Copy out the whole listing exactly as written, leaving the pictures behind.
=== SOURCE MATERIAL ===
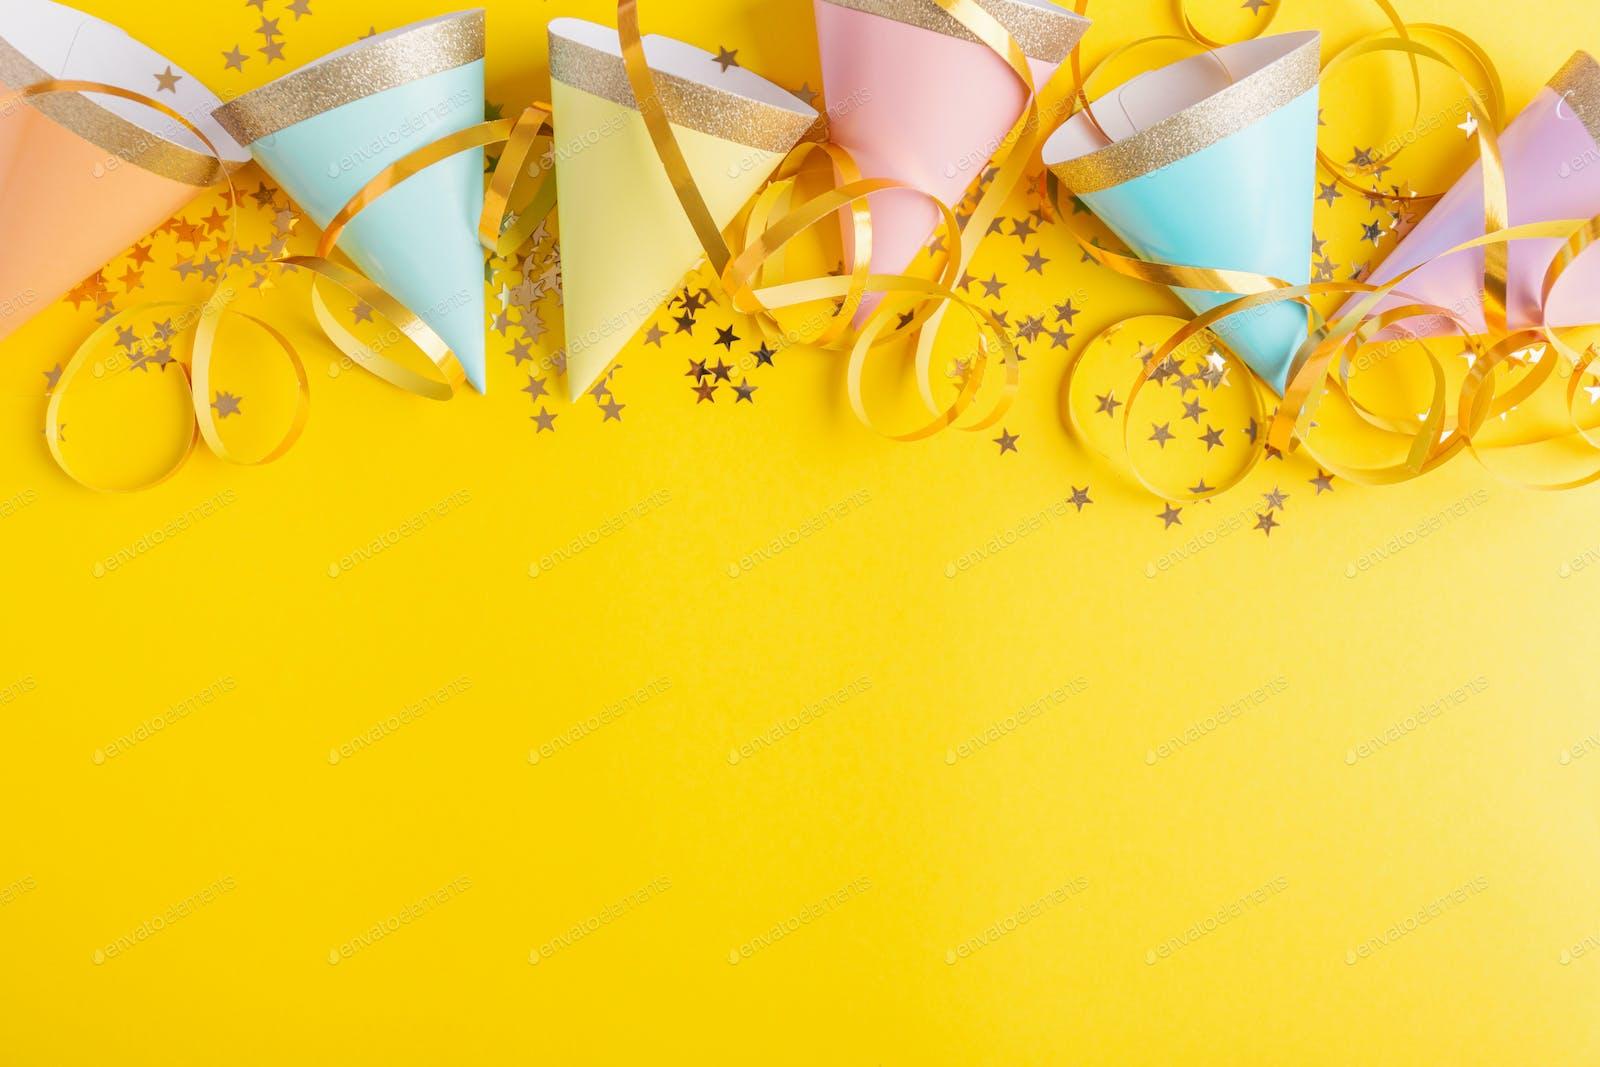 Birthday Party Background On Yellow Photo By Valeria Aksakova On Envato Elements
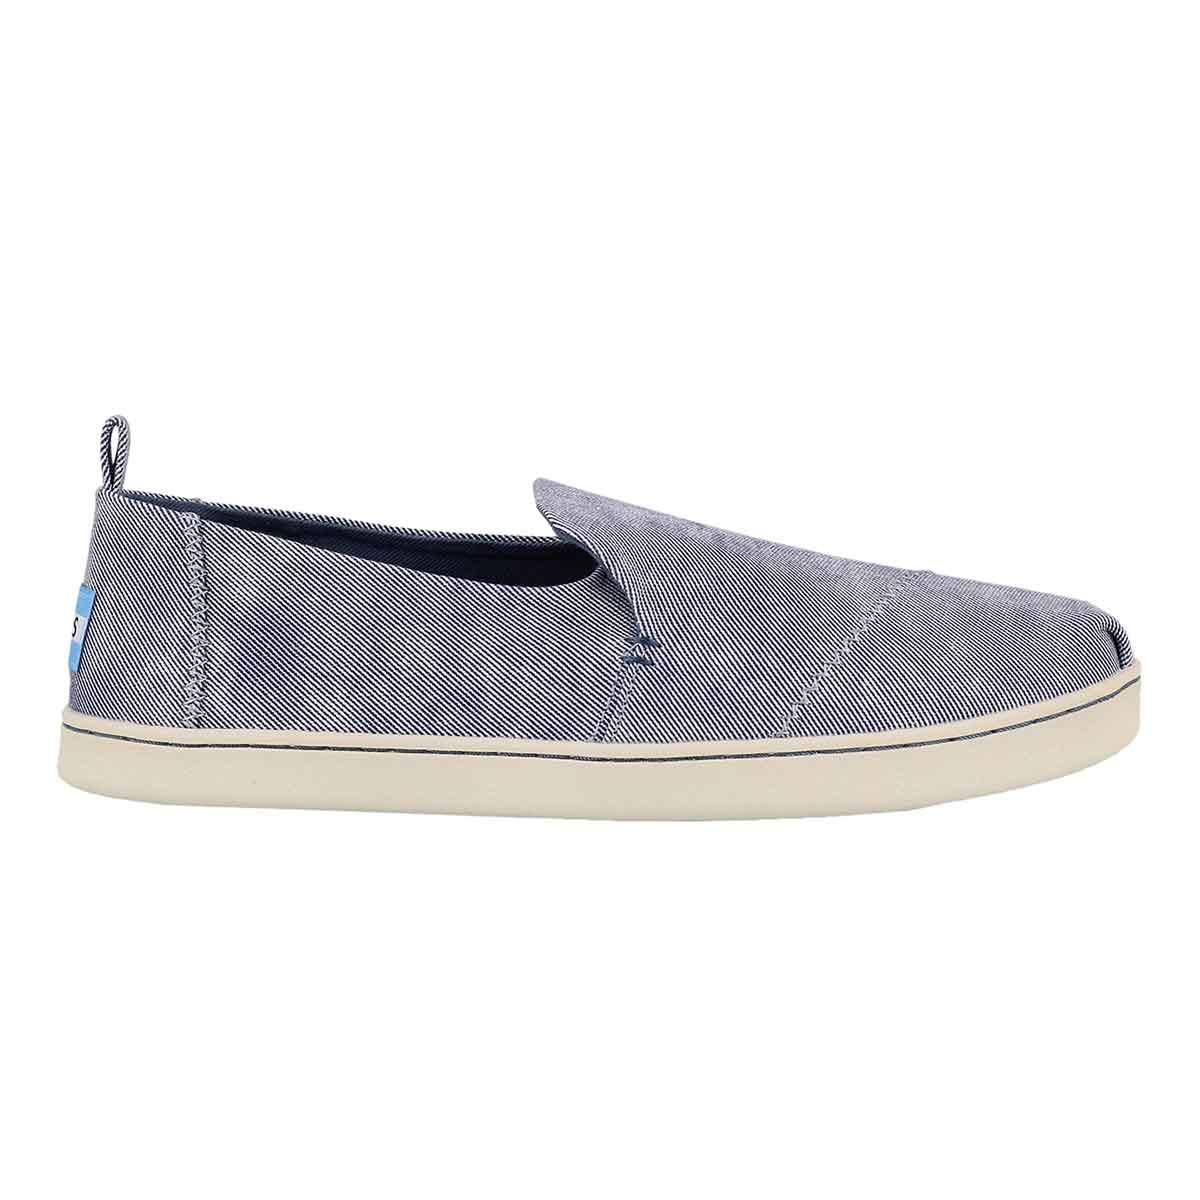 Lds Deconstructed Alpargata blue loafer
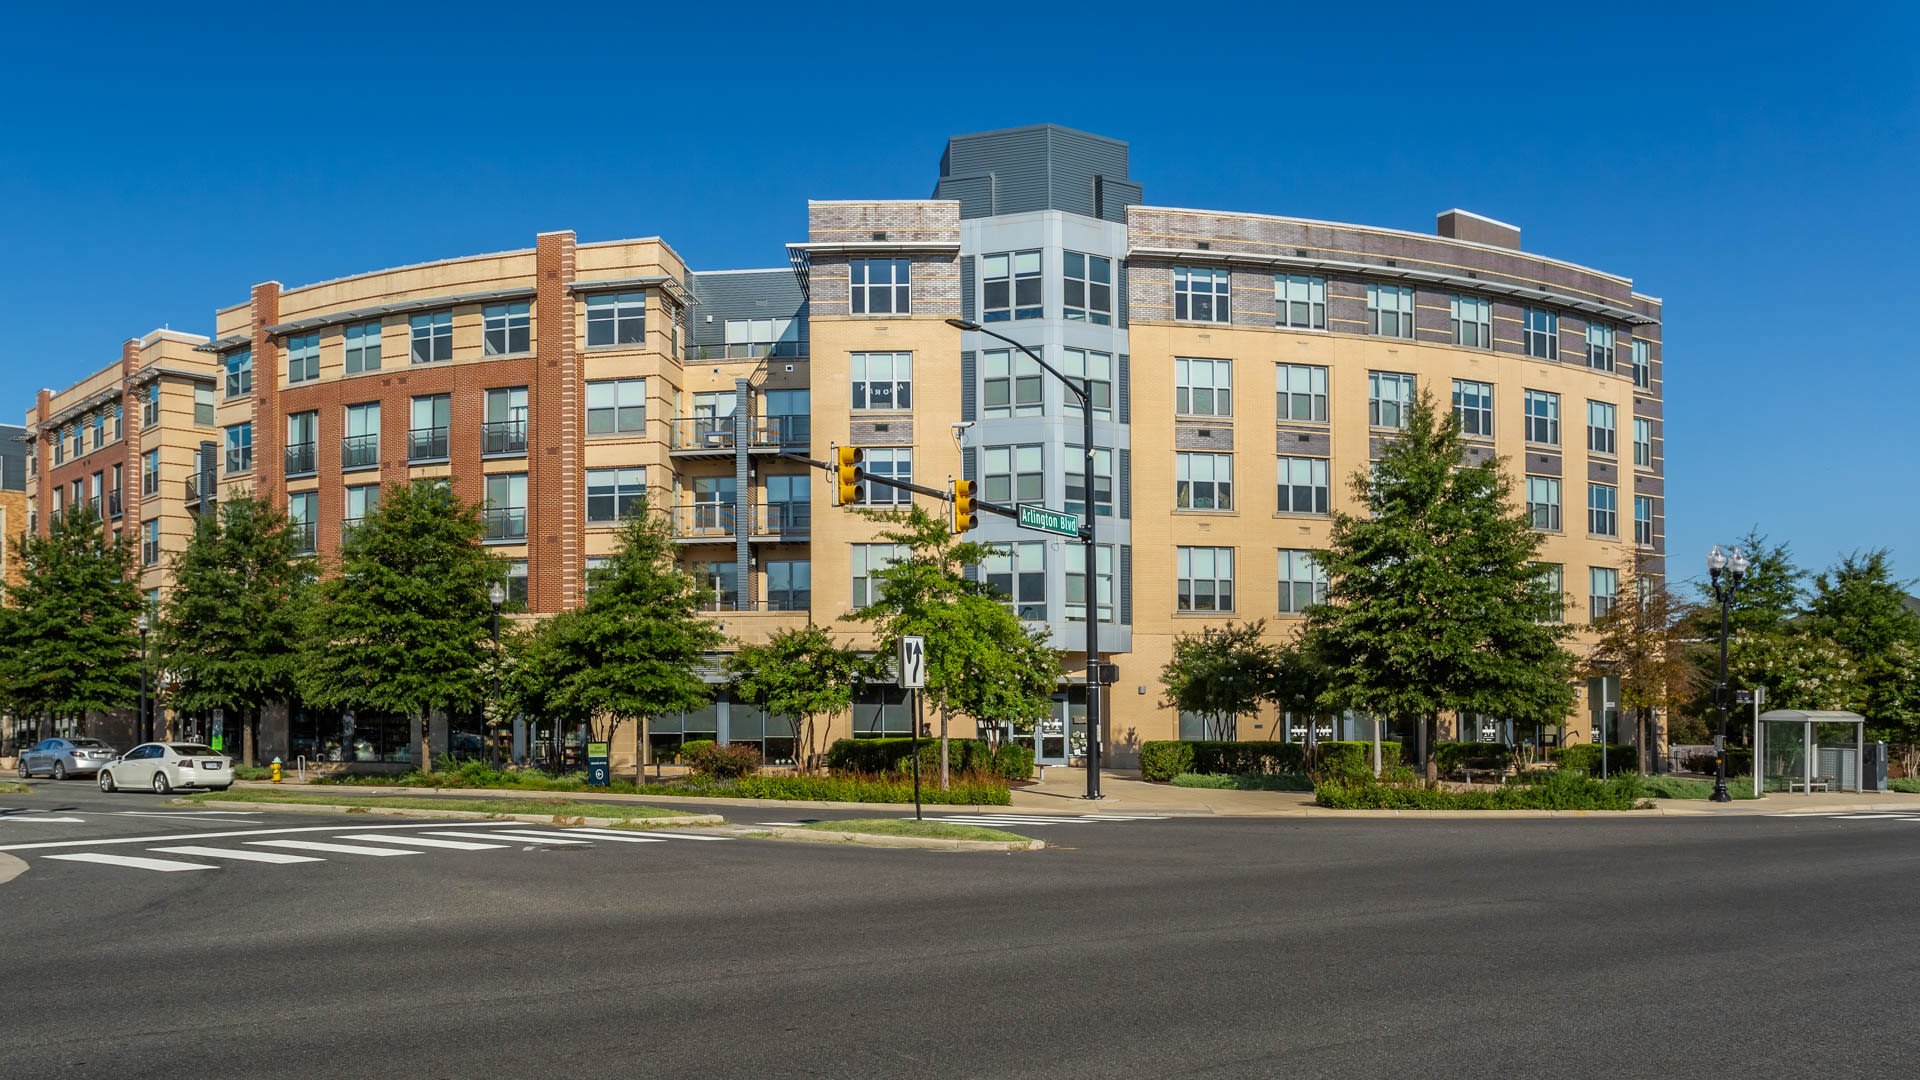 2201 Pershing Apartments - Exterior
===
• [OUTPUT OF THE TASK]
 Birthday Party Background On Yellow Photo By Valeria Aksakova On Envato Elements
 Lds Deconstructed Alpargata blue loafer
 2201 Pershing Apartments - Exterior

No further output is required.